In some embodiments, software components include network
application server software 1067 and database software 1068.
[0104] Virtualization layer 1070 provides an abstraction layer from
which the following examples of virtual entities may be provided:
virtual servers 1071; virtual storage 1072; virtual networks 1073,
including virtual private networks; virtual applications and
operating systems 1074; and virtual clients 1075.
[0105] In one example, management layer 1080 may provide the
functions described below. Resource provisioning 1081 provides
dynamic procurement of computing resources and other resources that
are utilized to perform tasks within the cloud computing
environment. Metering and Pricing 1082 provide cost tracking as
resources are utilized within the cloud computing environment, and
billing or invoicing for consumption of these resources. In one
example, these resources may include application software licenses.
Security provides identity verification for cloud consumers and
tasks, as well as protection for data and other resources. User
portal 1083 provides access to the cloud computing environment for
consumers and system administrators. Service level management 1084
provides cloud computing resource allocation and management such
that required service levels are met. Service Level Agreement (SLA)
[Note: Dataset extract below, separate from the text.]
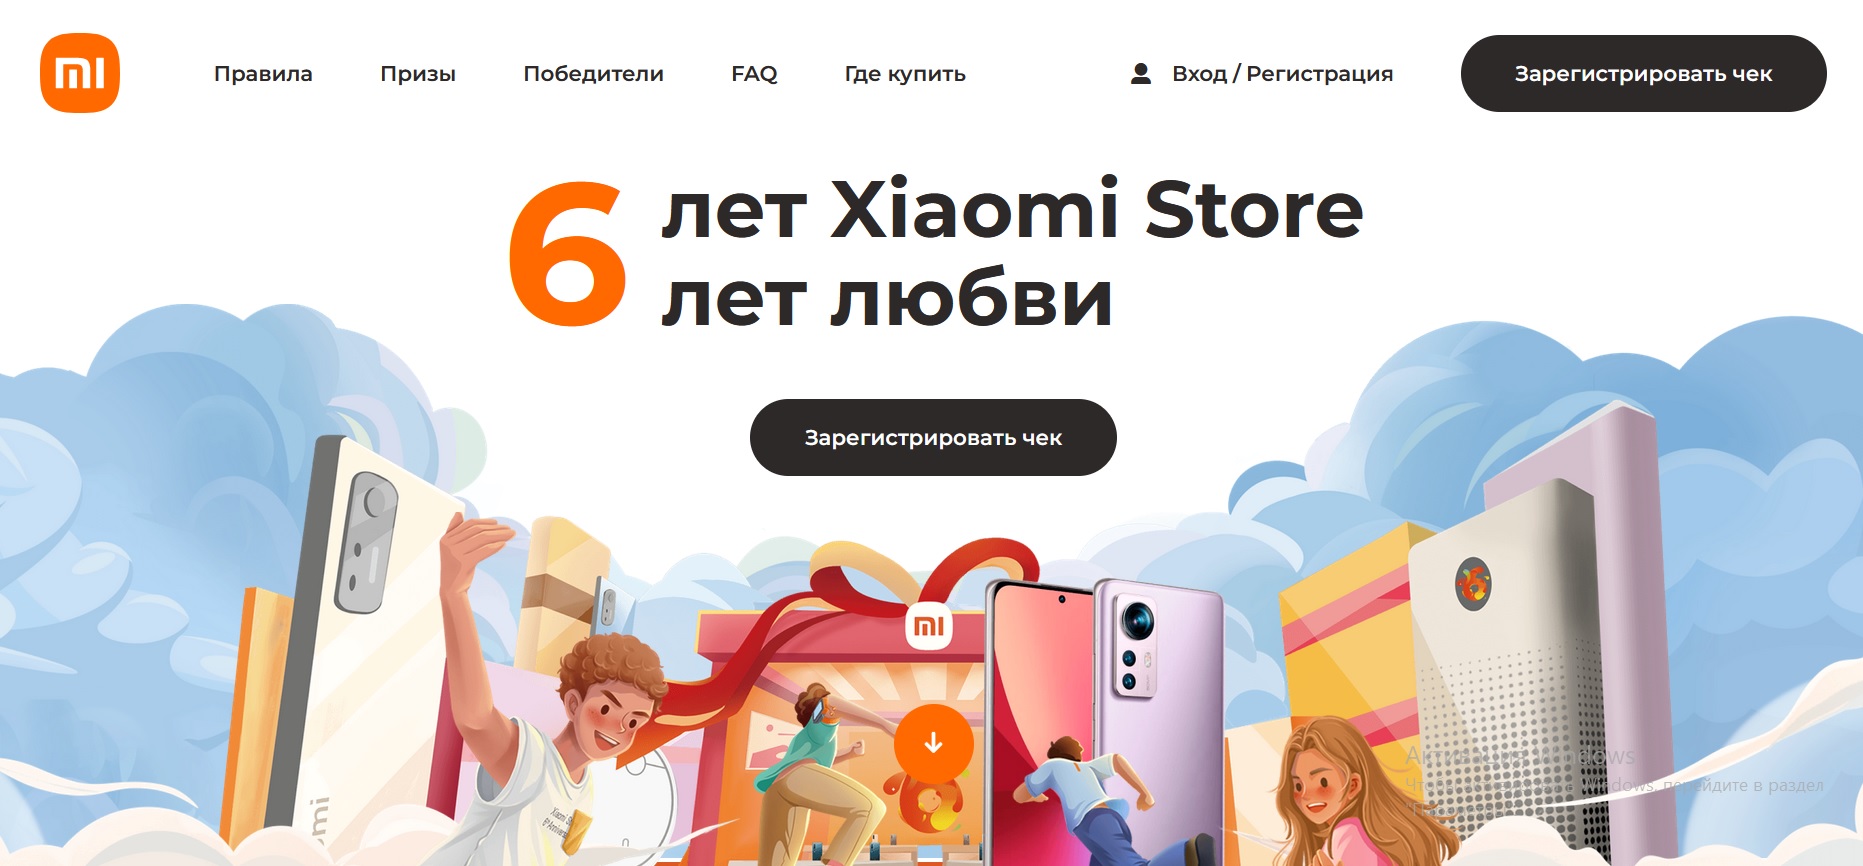 Промо-акция Xiaomi: «6 лет Xiaomi Store.6 лет любви!»
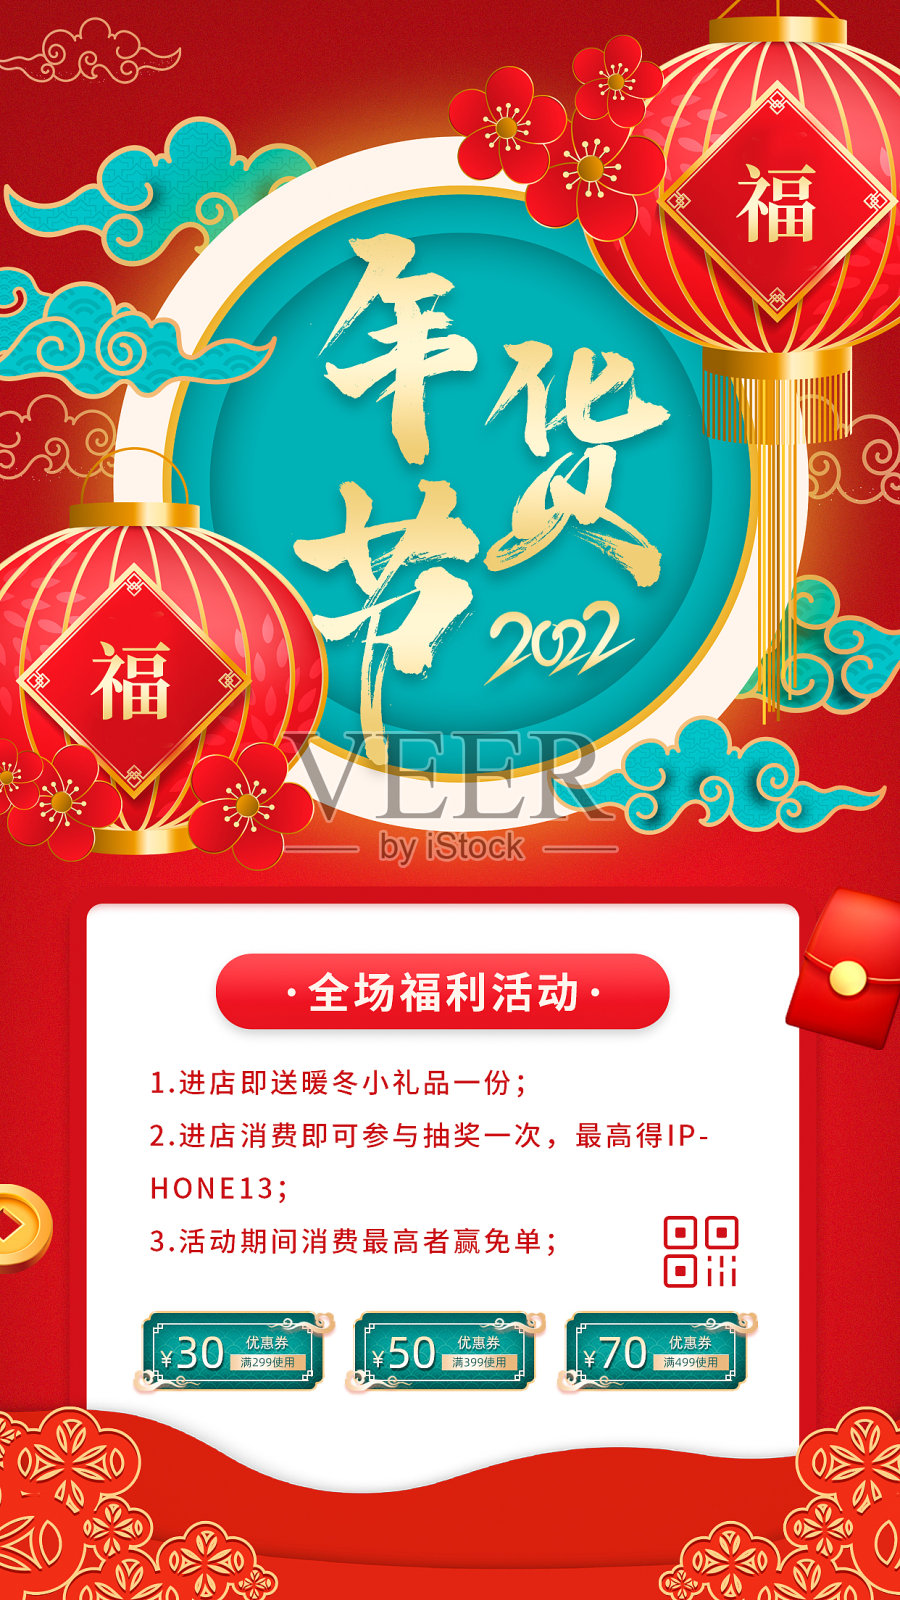 红色喜庆大气年货节新年春节促销活动宣传手机海报设计模板素材

planning and fulfillment 1085 provide pre-arrangement for, and
procurement of, cloud computing resources for which a future
requirement is anticipated in accordance with an SLA.
[0106] Workloads layer 1090 provides examples of functionality for
which the cloud computing environment may be utilized. Examples of
workloads and functions which may be provided from this layer
include: mapping and navigation 1091; software development and
lifecycle management 1092; virtual classroom education delivery
1093; data analytics processing 1094; transaction processing 1095;
and semantic-aware classification 1096, which may perform one or
more functions of semantic-aware classifier 102.
[0107] The descriptions of the various embodiments of the present
invention have been presented for purposes of illustration, but are
not intended to be exhaustive or limited to the embodiments
disclosed. Many modifications and variations will be apparent to
those of ordinary skill in the art without departing from the scope
and spirit of the described embodiments. The terminology used
herein was chosen to best explain the principles of the
embodiments, the practical application or technical improvement
over technologies found in the marketplace, or to enable others of
ordinary skill in the art to understand the embodiments disclosed
herein.
* * * * *